Pull request overview
Adds a new Qwen3 TTS (CrispASR) engine that routes synthesis through the existing CrispASR runtime (VoiceDesign + CustomVoice), and updates UI/settings plumbing to support engine selection, engine settings, and CrispASR version display. It also renames the existing Chatterbox engine to make the CrispASR dependency explicit.
Changes:
- Introduce
Qwen3TtsCrispAsrengine with local CrispASR server lifecycle + OpenAI-compatible/v1/audio/speechcalls. - Add a dedicated settings window/viewmodel for Qwen3 (CrispASR), plus a new persisted model key setting.
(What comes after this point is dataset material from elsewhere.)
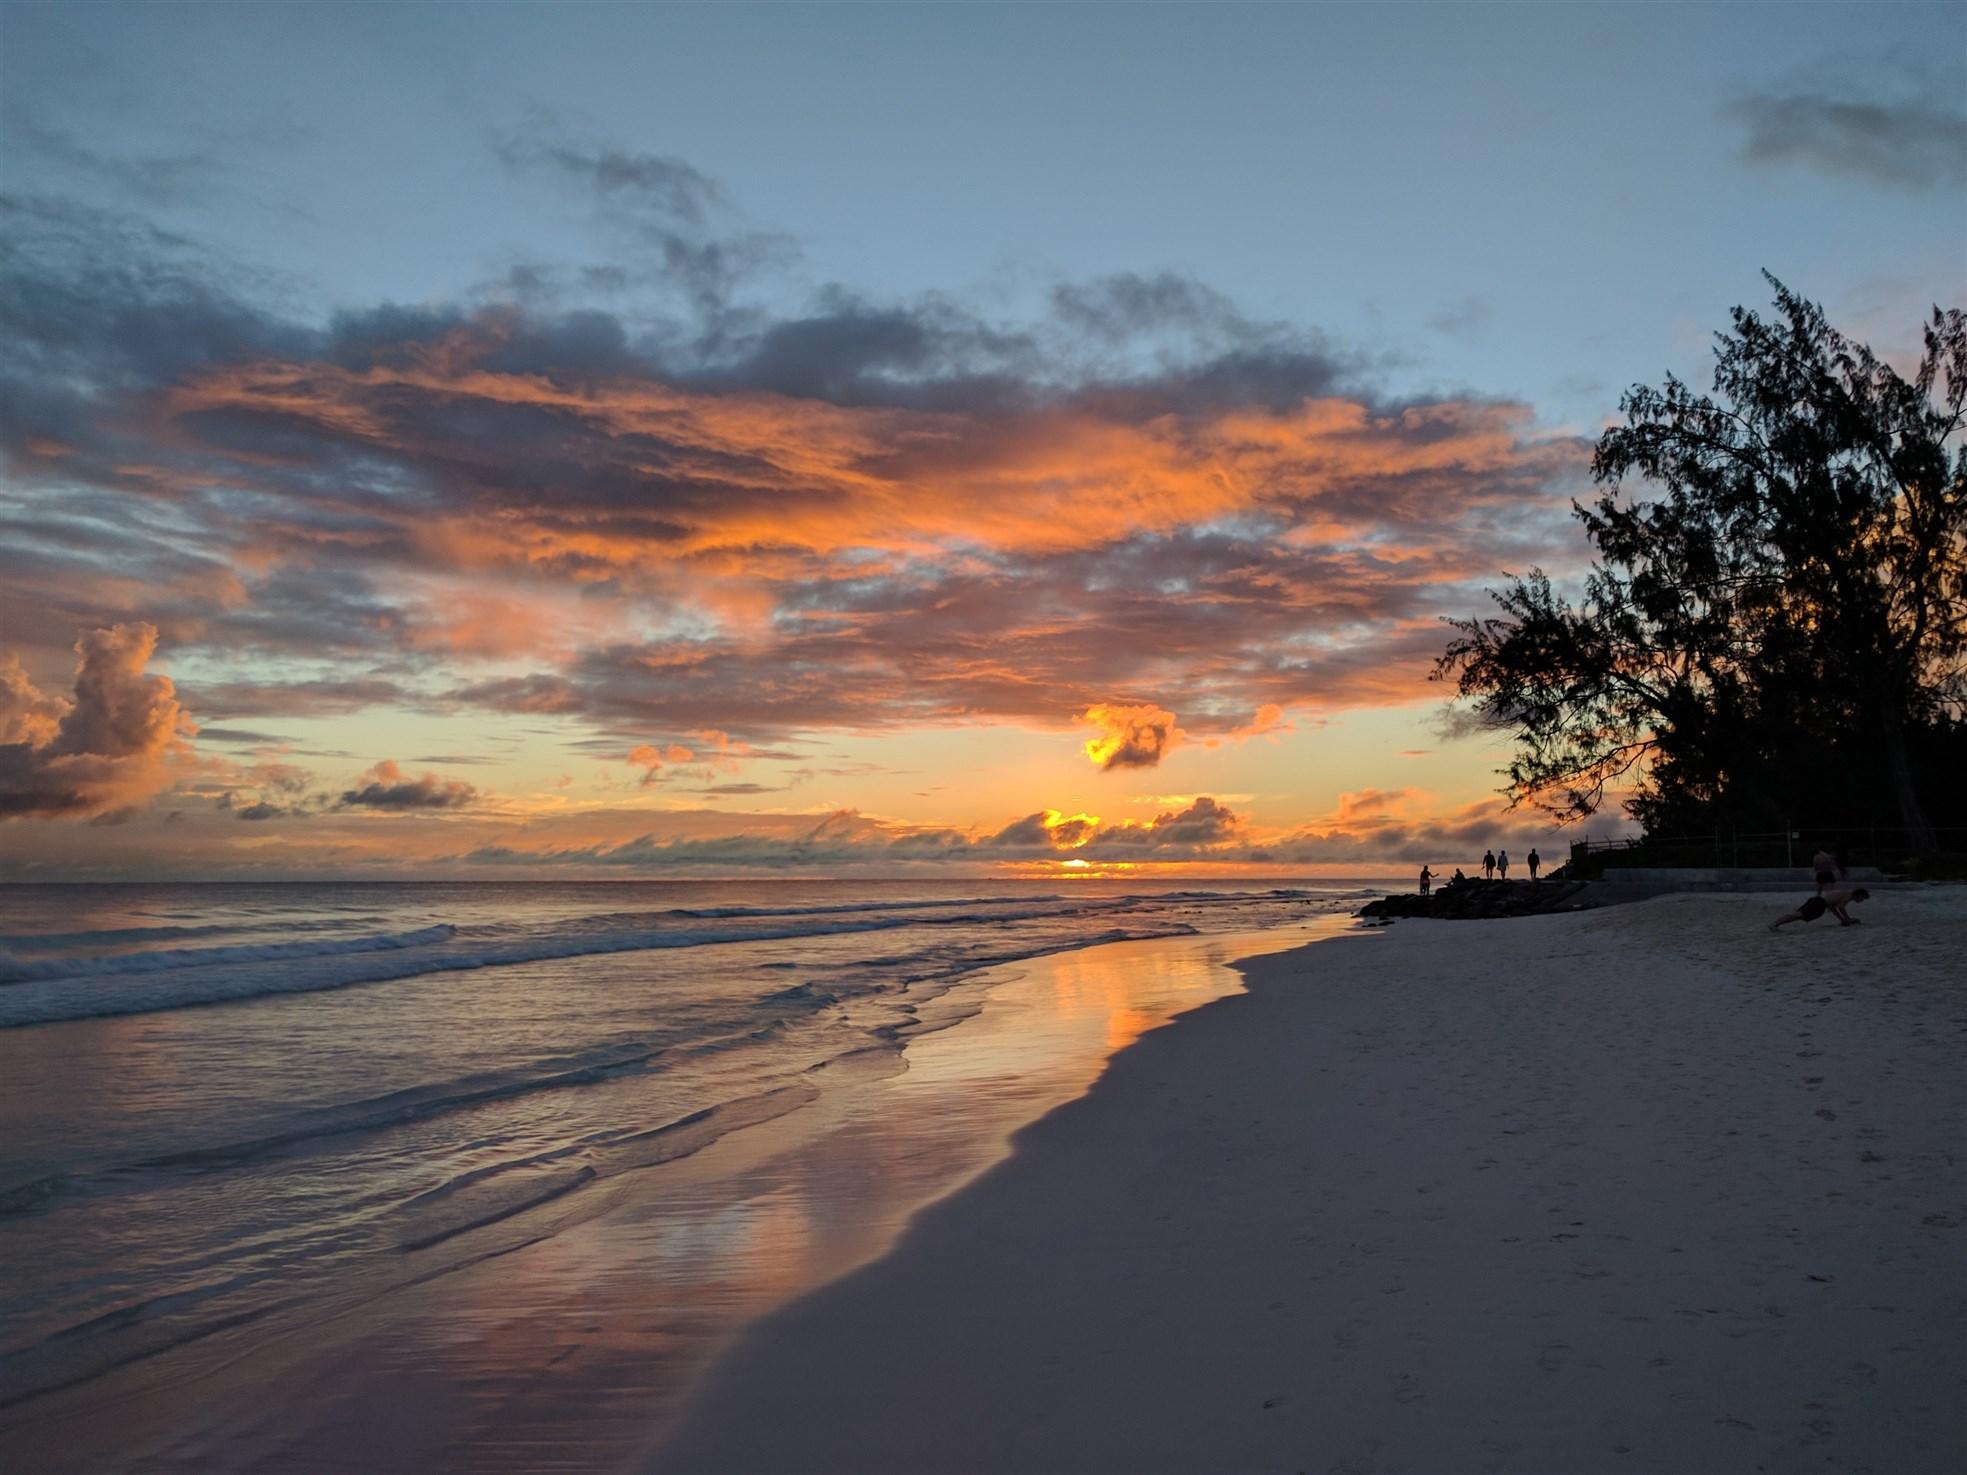 Accra Beach Sunset, Barbados

- Show CrispASR runtime version in engine settings UIs and rename Chatterbox engine display name.
Reviewed changes
Copilot reviewed 13 out of 13 changed files in this pull request and generated 8 comments.
Show a summary per file
| File | Description |
|---|---|
| src/ui/Logic/Config/SeVideoTextToSpeech.cs | Adds persisted setting for Qwen3 (CrispASR) model selection + default. |
| src/ui/Features/Video/TextToSpeech/VoiceSettings/VoiceSettingsViewModel.cs | Enables voice import UI for the new engine. |
| src/ui/Features/Video/TextToSpeech/TextToSpeechWindow.cs | Adds status-dot support for Qwen3 (CrispASR) engine. |
| src/ui/Features/Video/TextToSpeech/TextToSpeechViewModel.cs | Registers the new engine, persists its model selection, and wires settings dialog + model-dependent voice list behavior. |
| src/ui/Features/Video/TextToSpeech/Qwen3TtsCrispAsrSettings/Qwen3TtsCrispAsrSettingsWindow.cs | New settings dialog UI for Qwen3 (CrispASR). |
| src/ui/Features/Video/TextToSpeech/Qwen3TtsCrispAsrSettings/Qwen3TtsCrispAsrSettingsViewModel.cs | New settings VM: CrispASR runtime/model/codec/voices status + actions. |
| src/ui/Features/Video/TextToSpeech/Engines/Qwen3TtsCrispAsr.cs | New engine implementation (server start/stop, voice handling, import). |
| src/ui/Features/Video/TextToSpeech/Engines/ChatterboxTtsCpp.cs | Renames engine display name to “Chatterbox TTS (CrispASR)”. |
| src/ui/Features/Video/TextToSpeech/ChatterboxTtsSettings/ChatterboxTtsSettingsViewModel.cs | Adds CrispASR version suffix to improve runtime visibility. |
| src/ui/Features/Video/SpeechToText/EngineSettings/SpeechToTextEngineSettingsViewModel.cs | Appends CrispASR version to backend labels for CrispASR engines. |
| src/ui/Features/Video/SpeechToText/Engines/CrispAsrVersion.cs | New cached helper to probe crispasr --version and parse version output. |
| src/ui/DependencyInjectionExtensions.cs | Registers the new Qwen3 (CrispASR) settings ViewModel for DI. |
| change-log.txt | Documents the new engine and Chatterbox rename. |
Comments suppressed due to low confidence (1)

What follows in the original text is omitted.